Serious psychological distress is associated with mental health problems that are not as severe as those characterized by SMI, but have a negative impact on a person’s functioning.
Serious mental illness includes anxiety disorders, mood disorders, schizophrenia and other non-affective psychoses.
To determine the factors or variables that drive the mental illness rate in the United States, and then through an econometric model, estimate the magnitude of the influence these variables have in their contributions to mental illness.

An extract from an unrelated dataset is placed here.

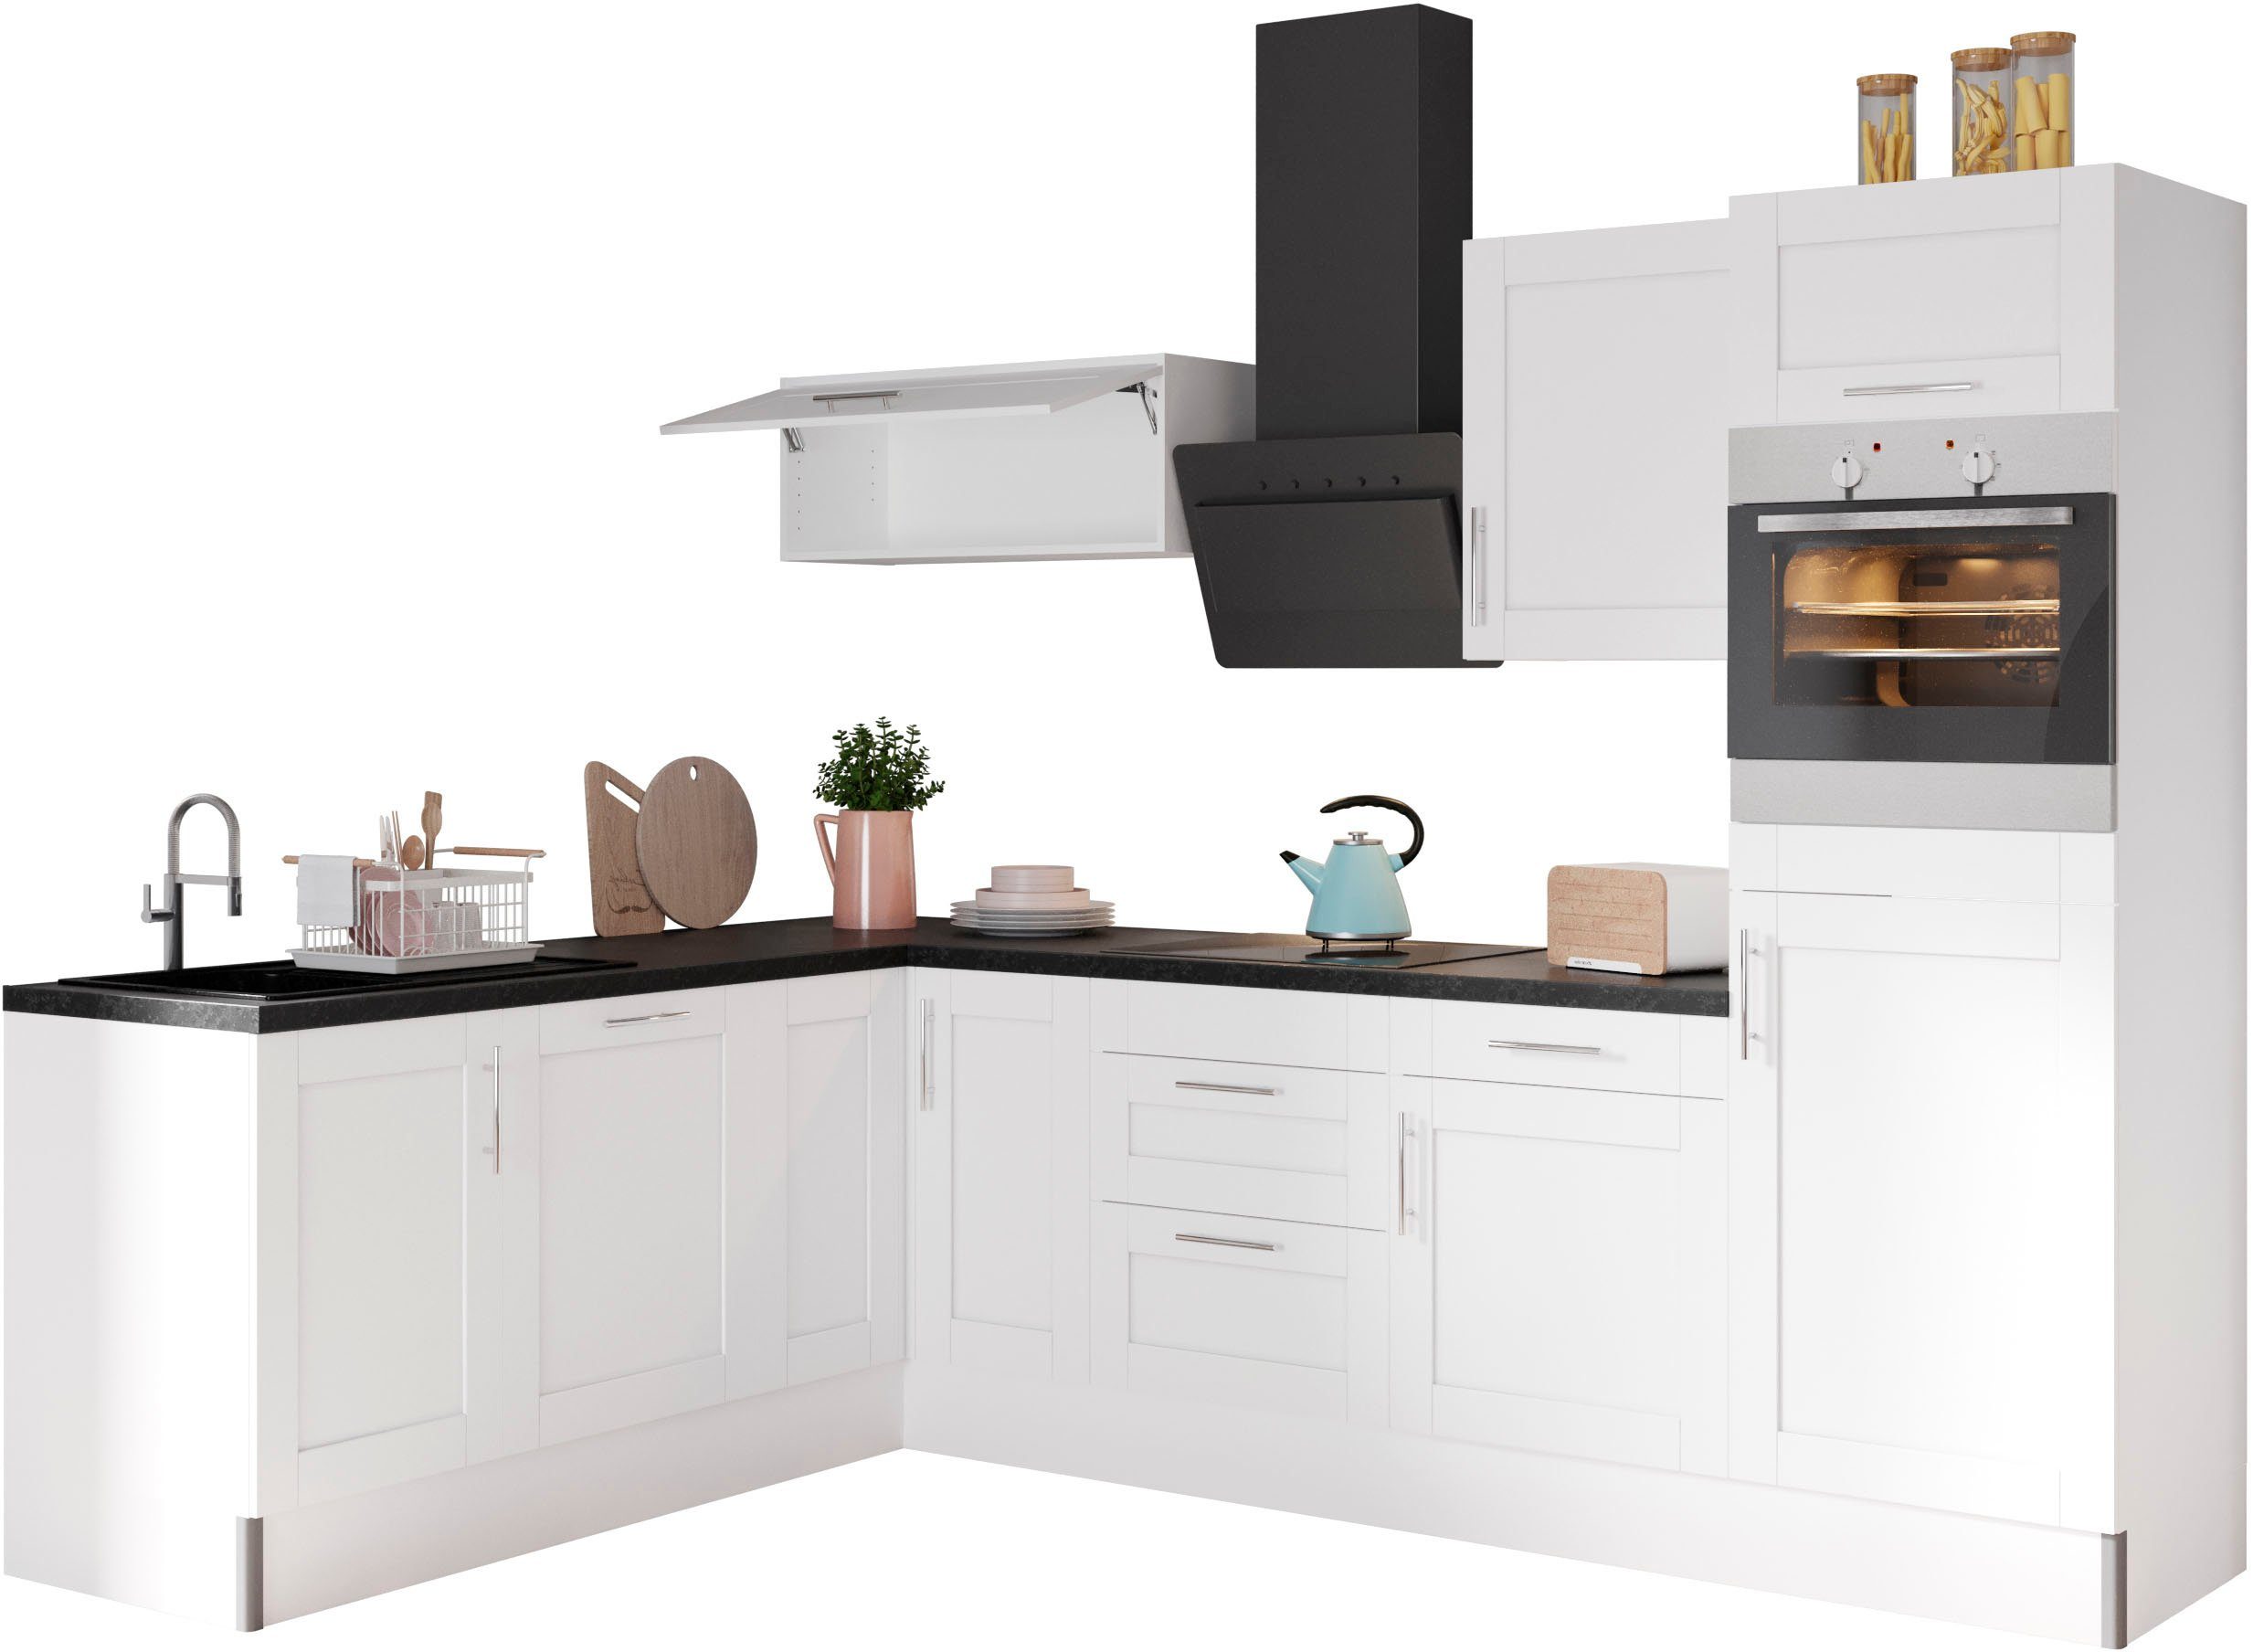 OPTIFIT Küche Ahus, 200 x 270 cm breit, ohne E-Geräte, Soft Close Funktion, MDF Fronten schwarz|weiß
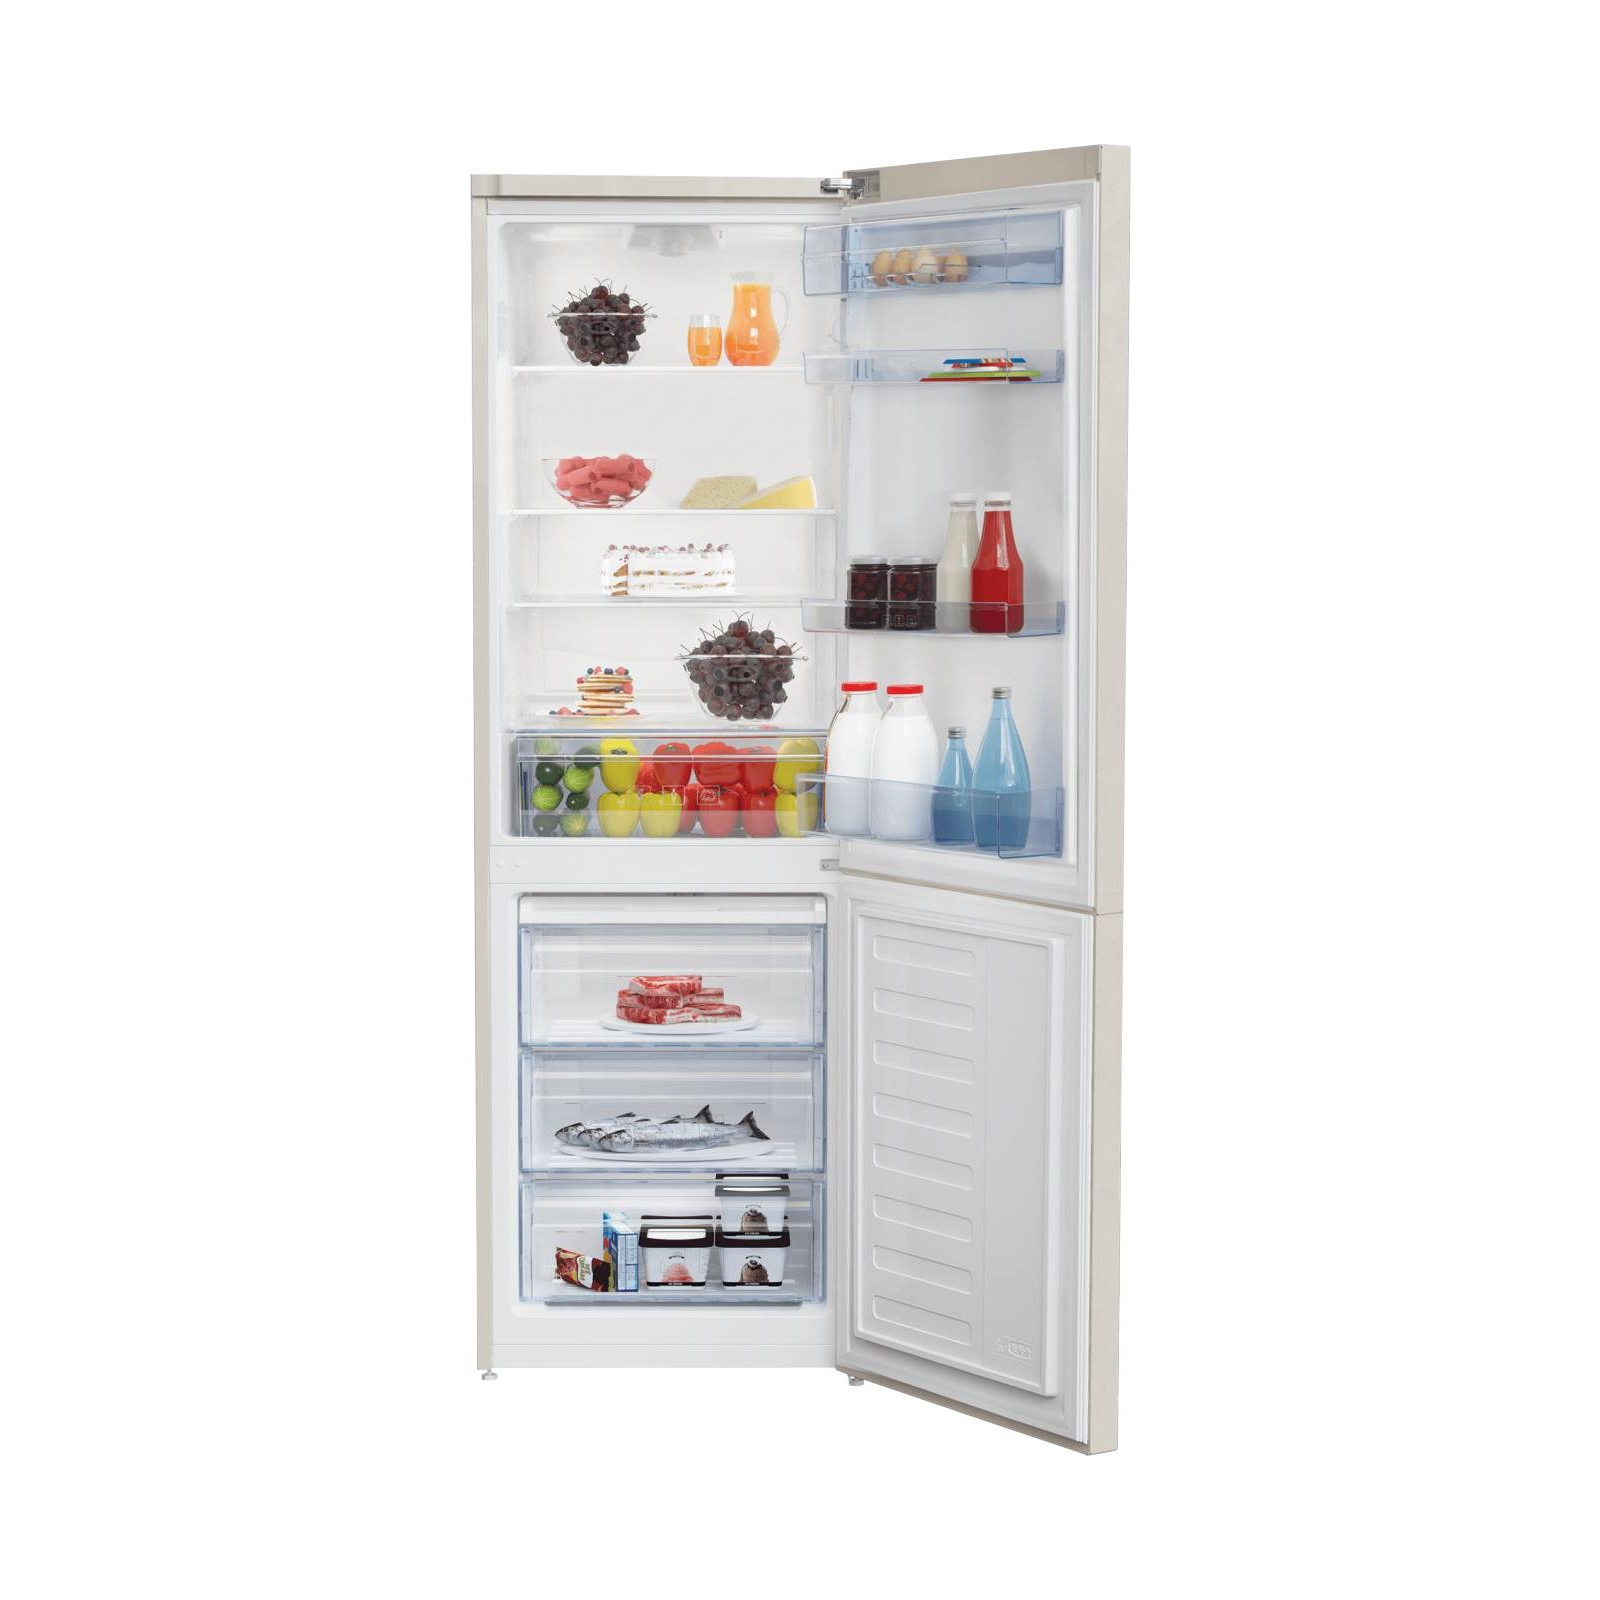 Холодильник Beko RCSA330K20B изображение 3

To provide mental health professionals with statistically sound evidence of the environmental, behavioral and economic factors that are driving mental illness rates, and their associated elasticities.
Collected demographic data from a variety of sources like the CDC, SAMHSA, and the US Census Bureau.
Rate of Reported Serious Psychological Distress in Past Year
Using WinORS, we performed an OLS Regression on the data set. Our data was formatted for a Pooled Cross Sectional Study, as was regressed accordingly.
The model was optimized to satisfy all four major assumptions of OLS Regression, and to provide a statistically significant solution that maintained constant variance and normality, while removing multicollinearityand auto-correlation.
The birth of Massive Payment Delinquencies, in all consumer debt level categories in late 2004 and early 2005, sparked the start of a America’s real estate market and overall economic financial crisis.
The theory being that people dug themselves into debt in prior years, and everything came to a head at the beginning on 2005 when people could no longer borrow against equity in their homes to cover this debt. This pop of the bubble led to upside down equity.
This debt burden and upside down equity led to an increased level of mental illness in those years. Had we had this information earlier, we might have considered including average credit score, or average debt, or even average days delinquent on debt as independent variables and we may have eliminated this yearly effect.